Topic: Infinitary distributive monoidal category

Jean-Baptiste Vienney (Aug 03 2023 at 19:33):

On the nlab, they say this:
Screenshot-2023-08-03-at-3.29.21-PM.png
Is there a paper where the precise coherence conditions are described in the infinitary case? I would even like a bit more, I'm interested by $\mathbb{N}$-distributive symmetric monoidal categories.

Nathanael Arkor (Aug 03 2023 at 21:02):

There are no coherence conditions. In a monoidal category with infinite coproducts, we have canonical morphisms $[X \otimes \iota_{Y_i}]_i \colon \coprod_i (X \otimes Y_i) \to X \otimes (\coprod_i Y)$ (and similarly for tensoring with a coproduct on the left) and we ask that these morphisms are all invertible.

Jean-Baptiste Vienney (Aug 03 2023 at 21:10):

Oh I see, so the coherences that I'm thinking of, such as the 24 diagrams in the definition of symmetric bimonoidal categories that are listed in "Coherence for distributivity" by Laplaza, are thus facts to deduce from the universal properties of coproducts + the fact that this canonical morphisms are isomorphisms, and not part of the definition. It makes sense, thanks.

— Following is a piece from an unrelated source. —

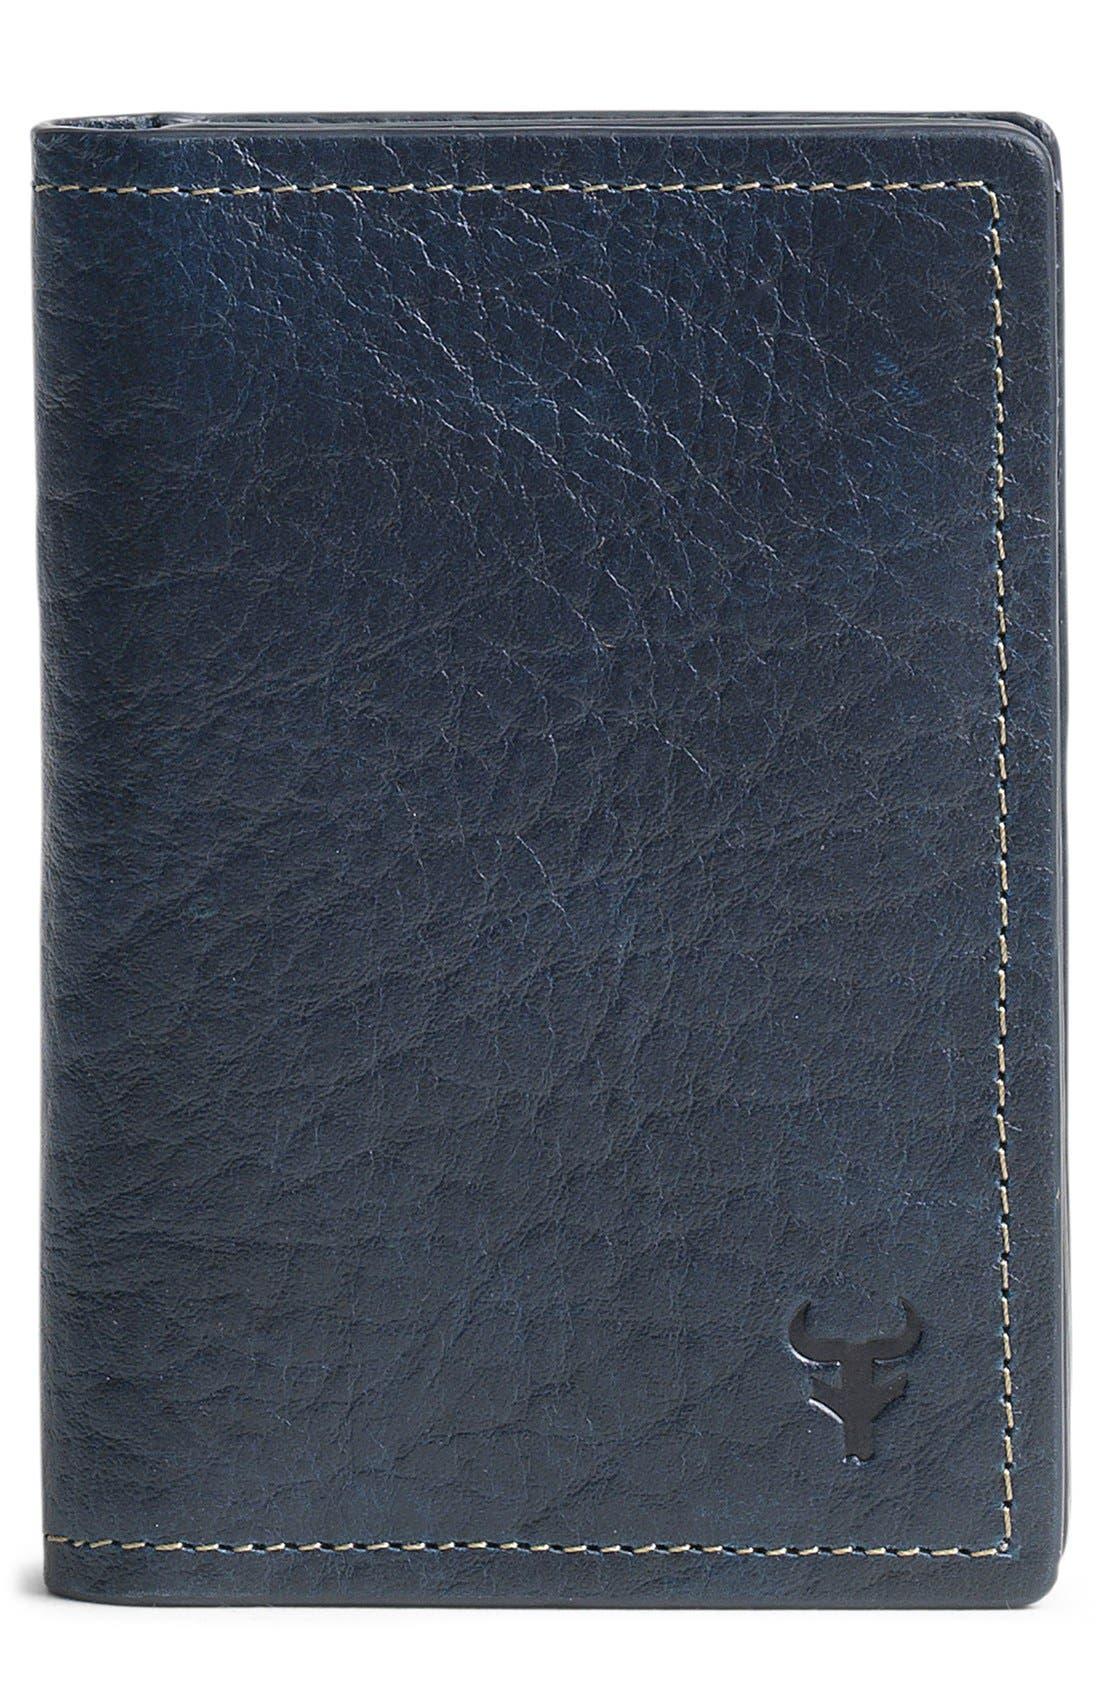 Trask 'Jackson' Gusset Pocket Bison Leather Card Case

Jean-Baptiste Vienney (Aug 03 2023 at 21:15):

It would still be useful to define the coherence conditions for an infinitary symmetric bimonoidal category ie. one with a functor $\oplus_{i}:\mathcal{C}^I \rightarrow \mathcal{C}$ and a structure of symmetric monoidal category on $\otimes$. And they should be verified, when $\oplus_{i}$ is a coproduct, as a proposition.

Jean-Baptiste Vienney (Aug 03 2023 at 21:17):

But we will need the definition of monoidal category with a tensor product which takes a family indexed by any set $I$ in input first haha

Jean-Baptiste Vienney (Aug 03 2023 at 21:18):

I don't know examples of this other than when this infinite tensor product is given by product or coproduct, but maybe it exists...

Nathanael Arkor (Aug 03 2023 at 22:27):

Jean-Baptiste Vienney said:

But we will need the definition of monoidal category with a tensor product which takes a family indexed by any set $I$ in input first haha

There's a definition (both symmetric and nonsymmetric variants) in the paper Real sets of Janelidze and Street.

Claudio Pisani (Aug 04 2023 at 15:55):

An alternative definition of infinitary symmetric monoidal category is in my paper Operads as double functors
(as sketched in the introduction); namely, as product preserving lax double functors
$(\mathbb{P}bSet)^{op} → \mathbb{S}et$, from the double category of pullback squares in sets to the double category of spans in sets.
Infinitary commutative monoids arise as product preserving double functors $(\mathbb{P}bSet)^{op} → \mathbb{S}q(Set)$
to the double category of squares in sets.